First we measured how natural looking are the resulting changed faces. To do this we prepared a few versions of each changed face, and then compiled a list of face images, half of which were original (untouched) faces from our database, and half were changed faces. We presented subjects (20 students from Tel Aviv University) with these images (in random order), and asked them to judge each face whether it was "Photoshopped" or not, on a scale of 1 to 5. To explain to subjects what we mean by a "Photoshopped" face we presented Photoshopped faces of famous Israeli celebrities (for example - former Israeli president Shimon Peres with Tom Cruise's hair). We used this procedure to select for each changed face the version which was judged as least Photoshopped of all versions.
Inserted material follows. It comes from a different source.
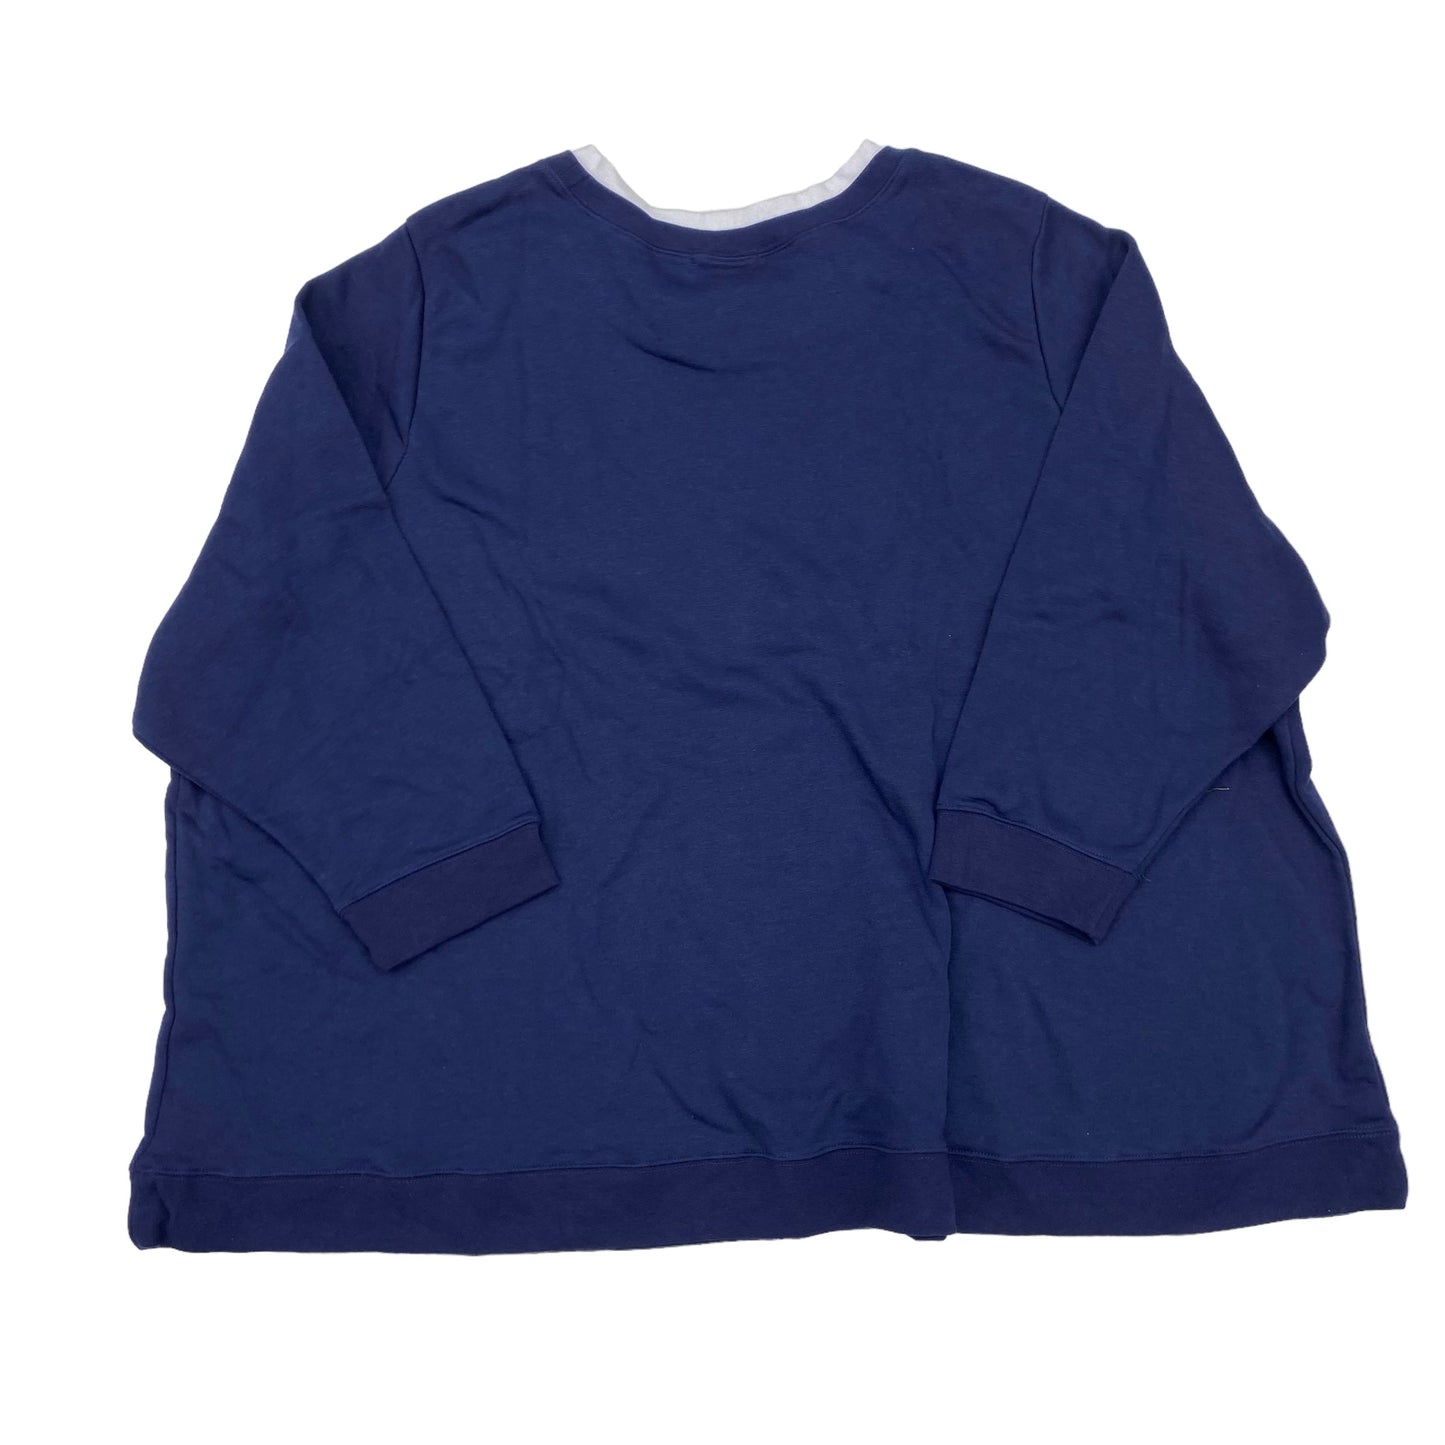 Sweatshirt Crewneck By Woman Within  Size: 4x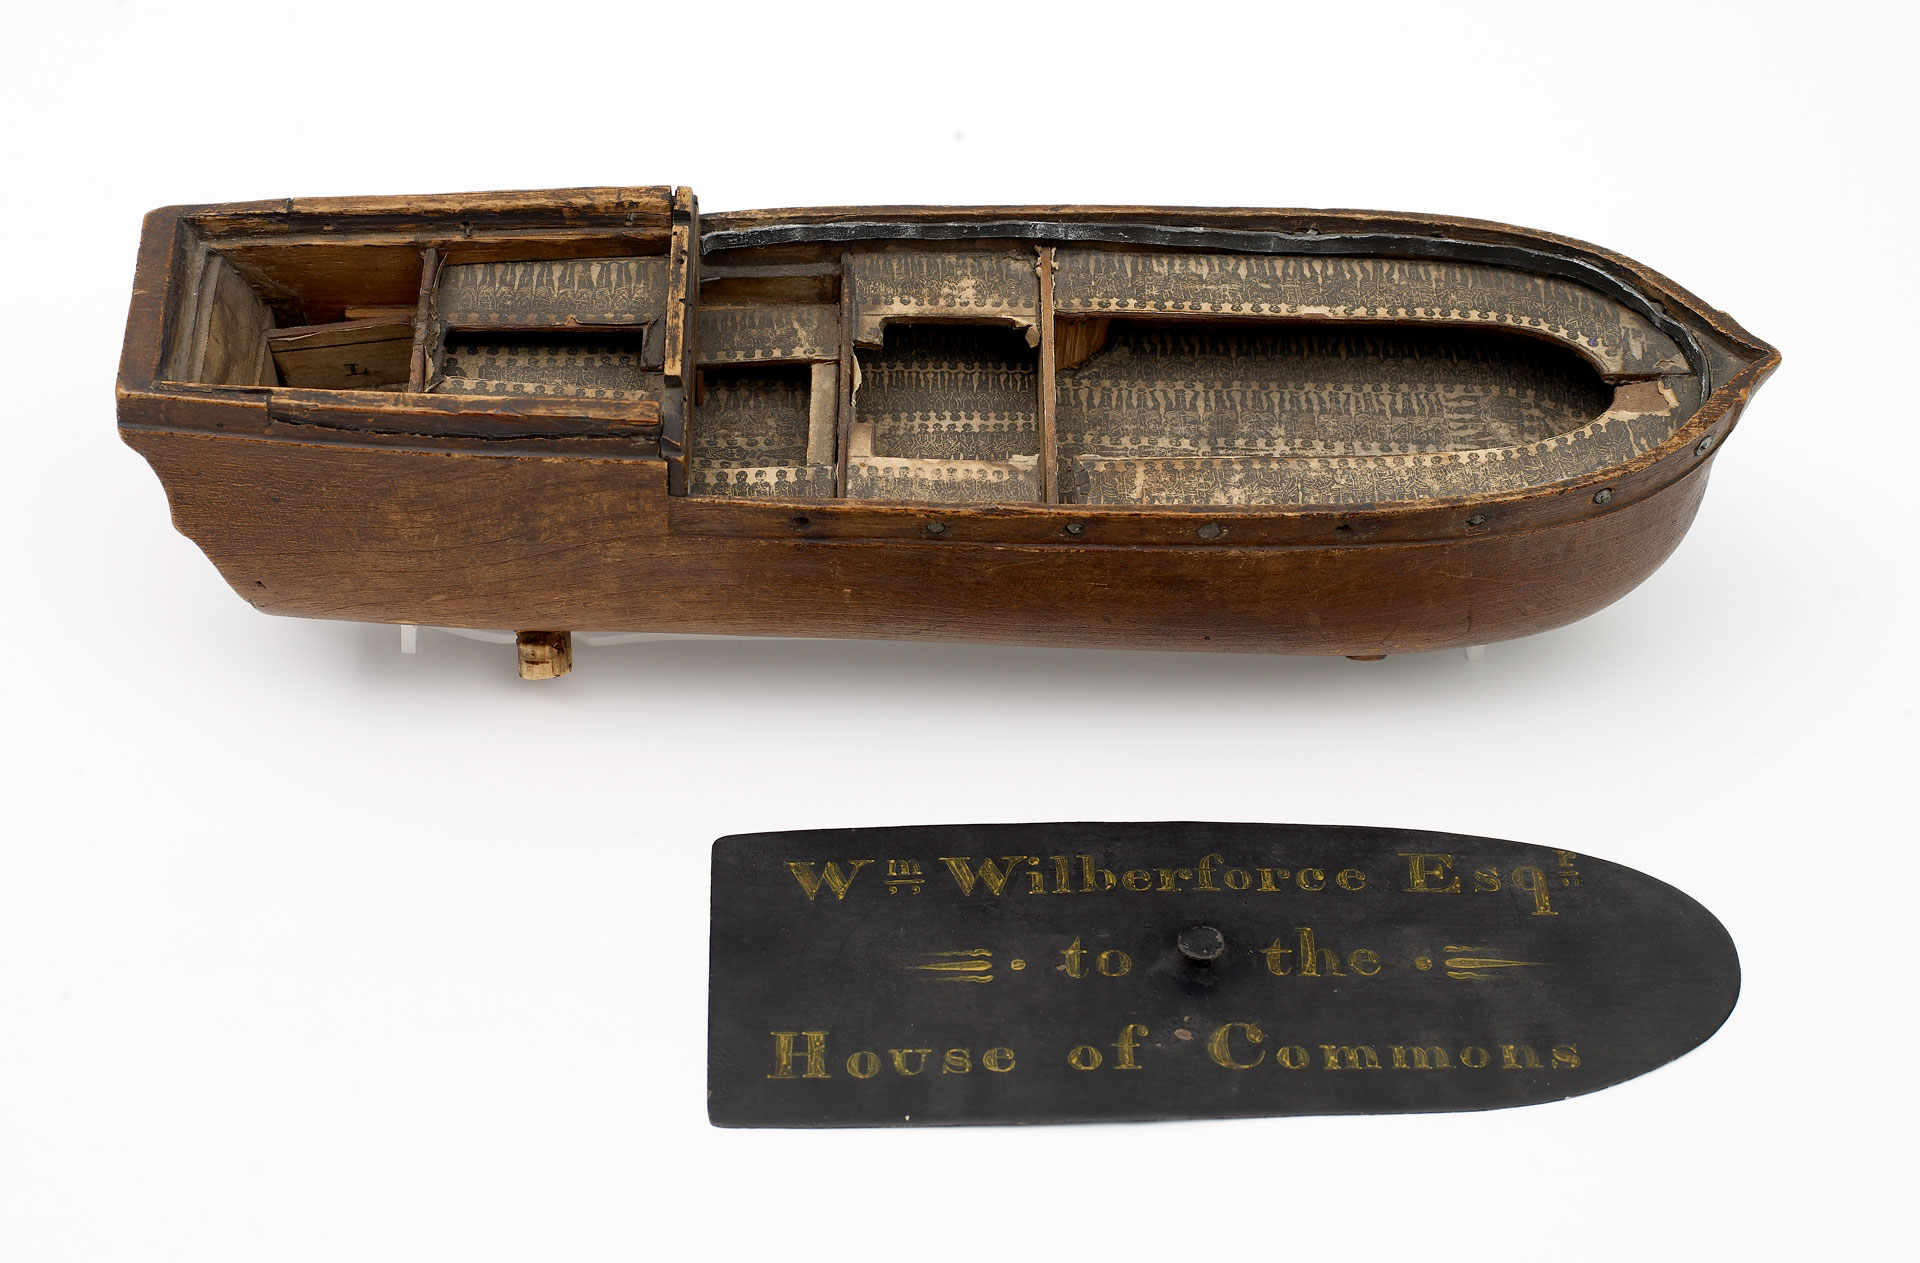 A wooden model of a slave ship.

Notably, some of the original faces were judged as Photoshopped, while some changed faces were judged as natural, indicating that: a - for unfamiliar faces it is not easy to determine if a face is natural or not, and b - the resulting changed faces did not "exceed the boundary" of the space of natural faces. We conclude that the fact that we copied features from donor faces, and did not change features arbitrarily, helped to maintain the natural appearance of the changed faces used in our study.

As a second measure we used the correlation between the values obtained in the re-tagging of the features of changed faces (see main text), with their values in the donor faces. To do this we re-tagged the changed faces, by repeating the face-tagging procedure described in Experiment 1 (i.e. asking subjects to assign values to feature in the changed faces. These subjects were different than the subjects that tagged the original faces). This enabled us to compare between the feature values when those features were on the original (donor) faces, and when they were on the target faces. Getting similar tagging would mean that the graphic designer successfully changed the feature of the target face to make it resemble the feature of the donor face. The results of this test are shown in Figure S6, where we show the correlation between the predicted face-space distances between the original and changed faces, and the actual face-space distances. The predicted face-space distances were calculated by creating feature vectors for the changed faces, based on replacing the values of the changed features with the values of the donor features, and measuring the distance between the resulting vector and the feature vector of the original face. The actual face-space distances were calculated using the feature vector of the changed face after retagging. The correlation between the two measurements was high and significant (r = 0.74, p < 0.001), indicating that the changed features were perceived as similar to the donor features, and therefore that the feature changing procedure succeeded in copying the features from donor to target faces.